With surgery, there is often a third factor: patient fear of surgery on the eyes. This is a key point because it involves consumers who do not think in absolute terms but in terms of a price-to-quality ratio (value for money) when they are choosing between two options. These consumers will compare price differentials with quality differentials.

Some patients participate in medical tourism and fly to places such as Eastern Europe, Asia, or Africa for surgery. It is possible to find financially attractive packages that include travel, hotel, surgery, and early postoperative care. Many centers in these locations and elsewhere have proven their expertise in providing world-class products and services at low cost. Because surgical complications are rare with LASIK, the risks are acceptable for many patients. Low-cost promotions allow these centers to run their operating theaters at nearly full capacity.

However, cheap means cheap. If a patient needs more care, or care for an increased duration, low cost may mean no service and no help free of charge.

Most LASIK surgery centers and private medical practices work with one or more insurance companies to offer financing plans to their patients. This is rarely used in France, but it is far more frequent in other countries, especially for high-cost procedures.

PROVIDING QUALITY

Research is the backbone of patient choice. However, differences among practices may not be obvious to most consumers, who believe that a high price guarantees impeccable delivery. High rates must be associated with services that provide the distinctive and effective benefits expected by consumers. The so-called evidence that can be found on the Internet and through word-of-mouth is not a reliable indicator. The surgeon must learn to take the opportunity to be great and to believe in the LASIK service that he or she delivers. Price is a reflection of the attitudes of the surgeon and the center.

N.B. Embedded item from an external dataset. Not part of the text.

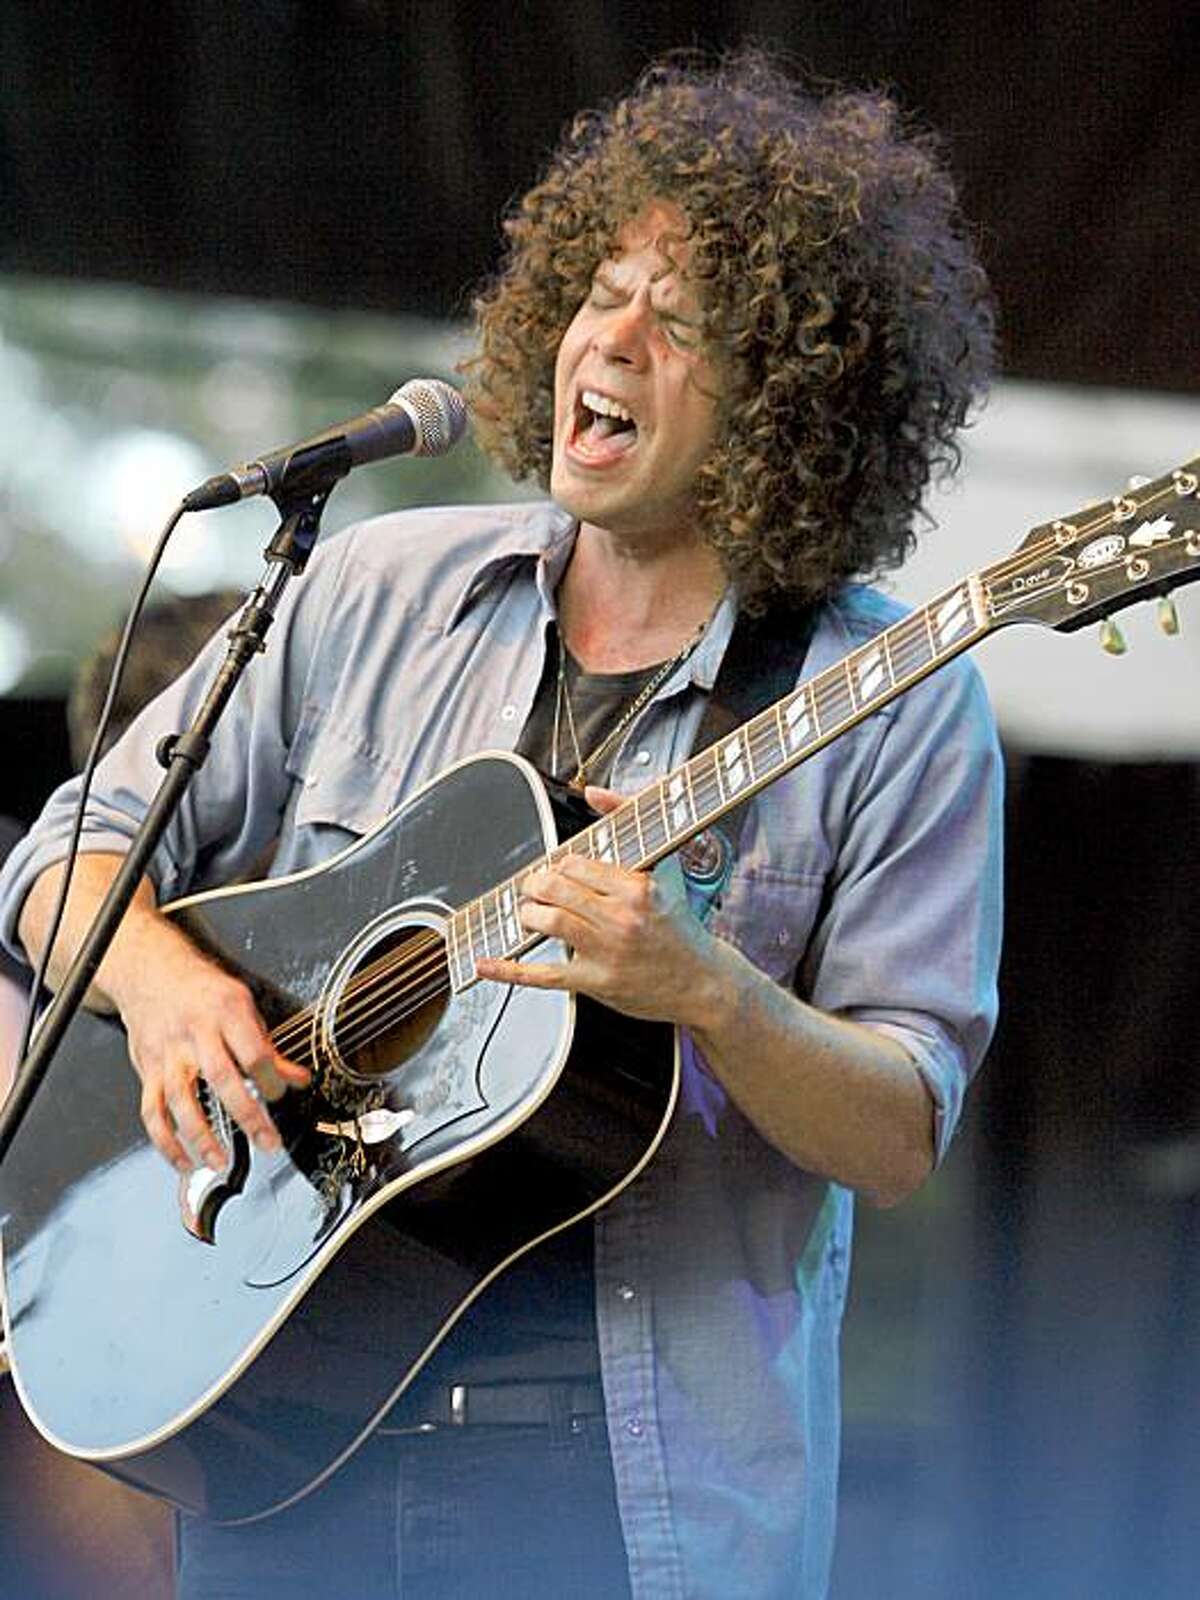 Lead singer for the band Wolfmother at the Bridge School Concert at the Shoreline Amphitheatre in Mountain View, California.

In deciding how to model their practices, physicians must focus on growth and value, their years in practice, their costs, and their expected return on investment. Most important is the impact of price. A surgeon in private practice works for him or herself and for the facility, and these qualities determine his or her brand. To increase patient flow, it is important for the qualities and attributes of the brand’s service to have a high level of value in patients’ minds. To offer low-cost surgery can damage one’s personal brand and product image: As noted previously, cheap means cheap.

The premium practice can offer only quality services, but these can be fragile and difficult to maintain. Because it is impossible to offer low-cost premiums for sophisticated technologies, research is needed to determine appropriate level of pricing. Low cost is characterized by a stripping-down of services toward basic functionality. For a premium practice, it is important, paradoxically, to emphasize the existence of operative risk, the practice’s obligation to perform precise preoperative testing, and, finally, the importance of postoperative care. One can work perfectly with fairness and serenity if prices are not devalued.

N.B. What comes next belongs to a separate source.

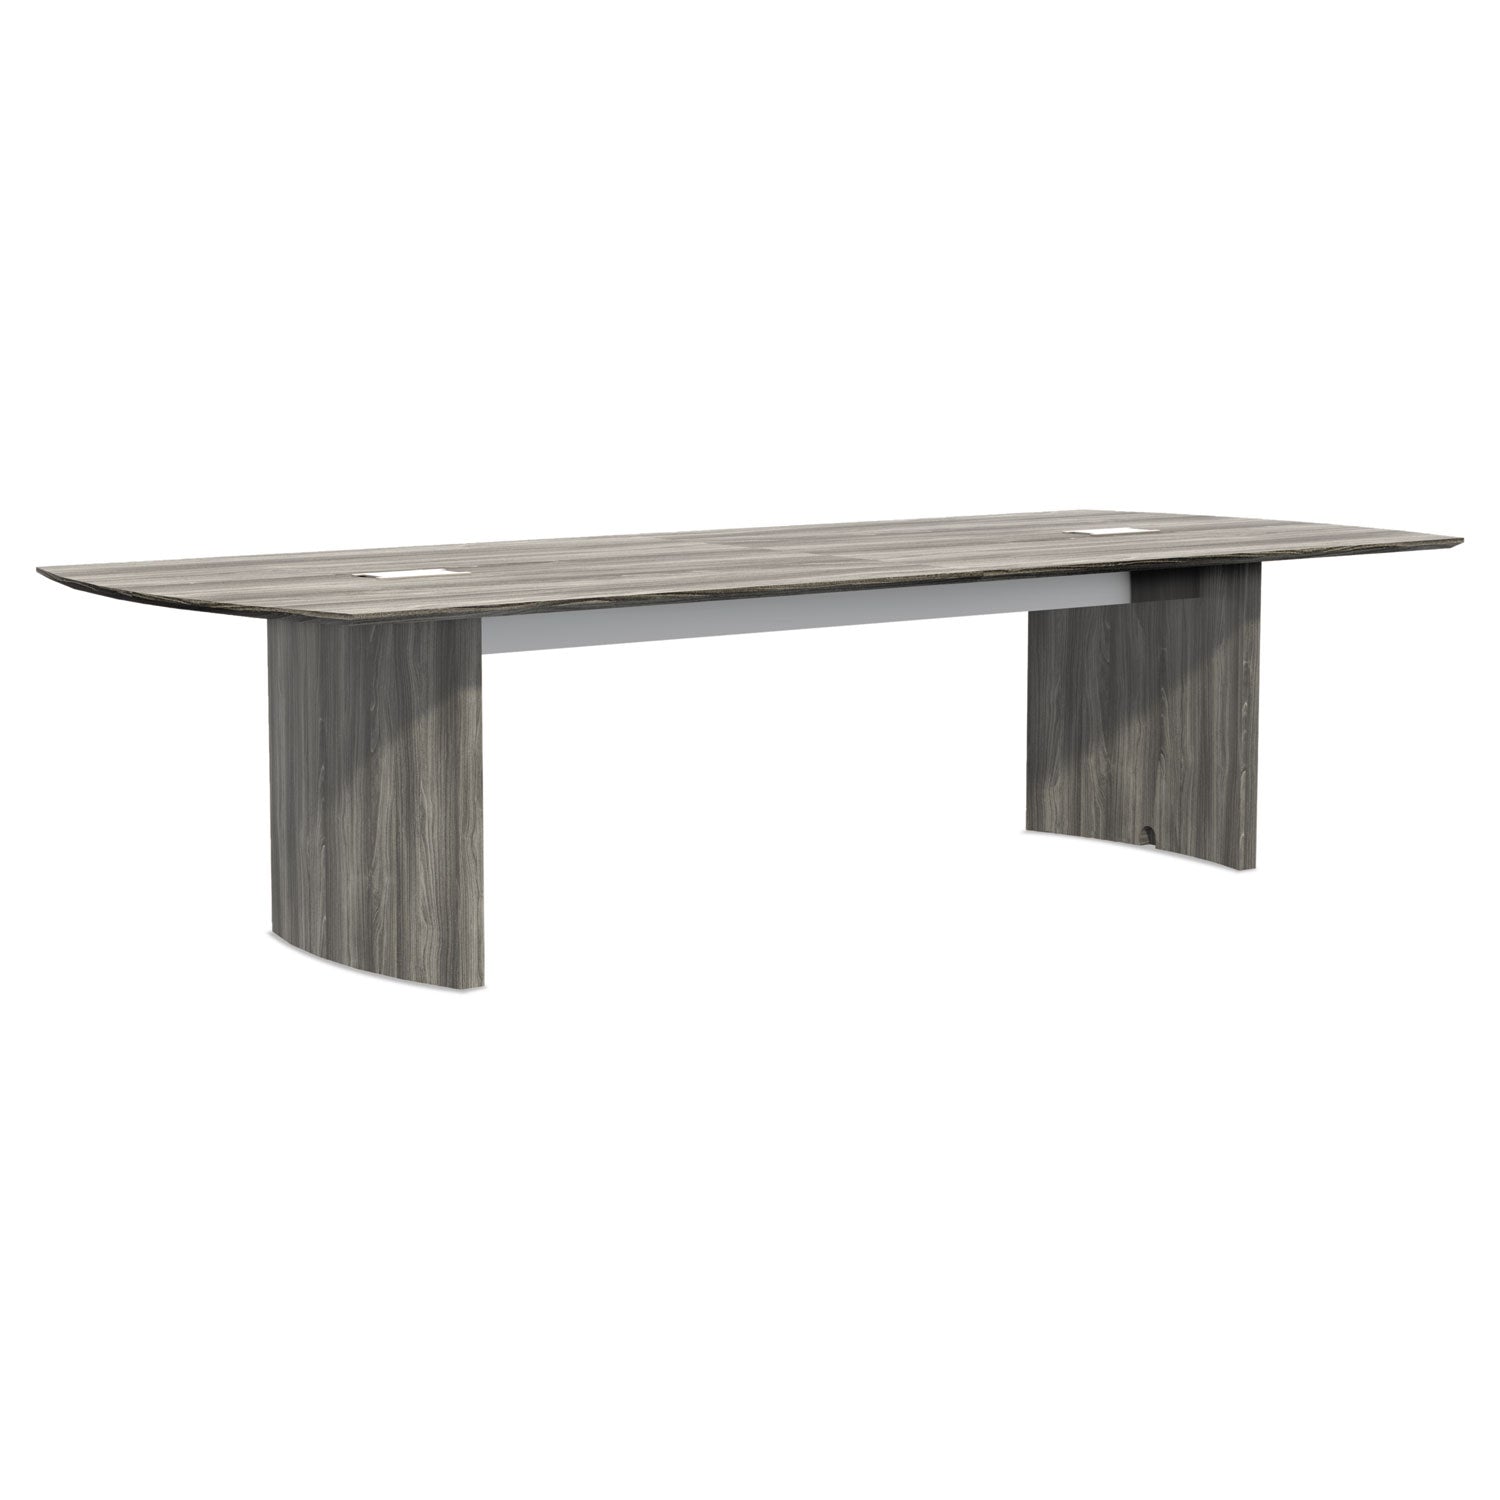 Medina Series Conference Table Modesty Panels, 82.5w x 0.63d x 11.8h, Gray Steel -

Patients must know that the postoperative course includes help when needed and, of course, ample time for questions and follow-up. Evolution is inevitable, and premium practices should expect to constantly offer innovative methodologies and technological breakthroughs. This marketing principle must be based on strong public demand.

An eternal question in the minds of refractive surgeons is this: What is preventing higher acceptance of refractive surgery? Correction of vision by external prostheses—glasses and contact lenses—continues to increase, but we do not observe this same increase in refractive surgery in any advanced country. In 2014, 20.6% of the French population bought at least one piece of optical equipment in the form of new glasses or contact lenses. The increased use of equipment may indicate two phenomena: (1) an increase in the need for correction among a given population and/or (2) increased consumption of optical products per person. Nothing in the consumption of optical goods, therefore, indicates a reduction in need for optical correction or a reduction in spending. Complications of refractive surgery are rare, and there should be strong theoretical demand. Who will benefit? The practice offering the lowest rate? Perhaps, but then surgeons will no longer be in control. Most surgeons would prefer to offer a high-quality solution for their patients’ visual needs.

CONCLUSION

In order to compete against low-cost providers, practices must invest their intangible capital—the good name and reputation of the surgeon—and maximize flexibility for patients. They must provide facilities for payment, ease of scheduling, and other amenities. The philosophy of a dynamic center run by a traditional structure will be, first, to lower costs, and, second, not to reduce profit margins for the center. Consumers must be informed that choosing a surgeon based only on the fee charged may be unwise. It is better to suggest that patients seek the best and most appropriate surgeon.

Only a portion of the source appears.